For a query $q_i$ in request $r$,

$$
O_i = \underbrace{(\mathbf{v}(P_i), s(P_i))}_{\text{shared, batched once}} \;\oplus\; \underbrace{(\mathbf{v}(S_{r,i}), s(S_{r,i}))}_{\text{per request}}.
$$

The win is in where the prefix KV lives. The prefix pass is a multi-query attention: every query in the batch reads the _same_ $K_P, V_P$, so the kernel stages that block once into SMEM and serves the whole thread block from there, at roughly $10\times$ the bandwidth of streaming it from global memory per request. The suffix pass stays an ordinary batched decode against each request’s own slice. FlashInfer reports up to $31\times$ over a uniform decode kernel when the shared prompt is long and the batch is wide.

> \[!math\] 1. when cascade pays
>
> Let the prefix be a fraction $\rho = |P| / (|P| + |S_r|)$ of each request’s context, batch size $b$. A monolithic decode re-reads the prefix once per request: $b\,|P|$ KV loads from global memory. The cascade reads it once into SMEM and amortises across the batch, so prefix IO drops by $b{:}1$ while the suffix IO is unchanged. The speedup tracks $\rho$ and $b$ together: shared system prompts ($\rho \to 1$) on large batches are where the $31\times$ shows up, and a batch of distinct prompts ($\rho \to 0$) collapses cascade back to plain decode with no penalty.

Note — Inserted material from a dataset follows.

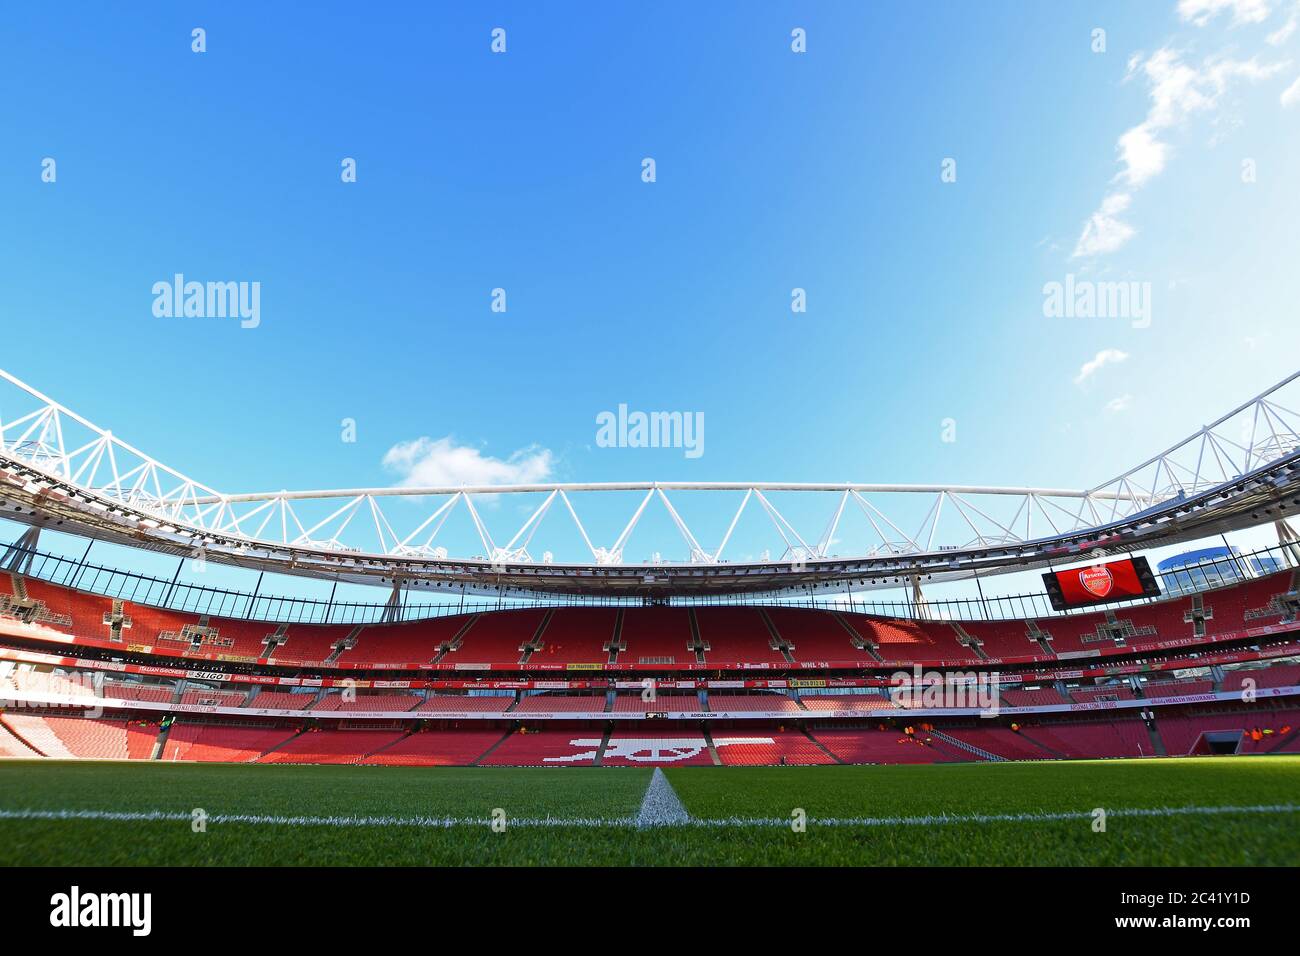 Londres, Inglaterra - Enero 18, 2020: Vista general del lugar visto por delante de la Premier League 2019/20 entre el Arsenal FC y el Sheffield United FC en el estadio Emirates. Foto de stock

The prefix need not be a single level. Shared structure is usually a tree: a system prompt common to everyone, a few-shot block shared by a subgroup, a per-conversation history below that. Each shared node is one multi-query pass; the cascade merges states up the tree from the deepest suffix to the root, which is the same prefix reuse [[thoughts/radix attention|radix attention]] schedules dynamically, here resolved into a static reduction over known cache levels.

> \[!note\] not block pruning
>
> Cascade inference is exact, where it reorders where KV is read. It is unrelated to sparse or top-$k$ schemes (Quest, SnapKV, [[thoughts/razor attention|razor attention]]) that score key blocks and drop the cold ones to approximate the softmax.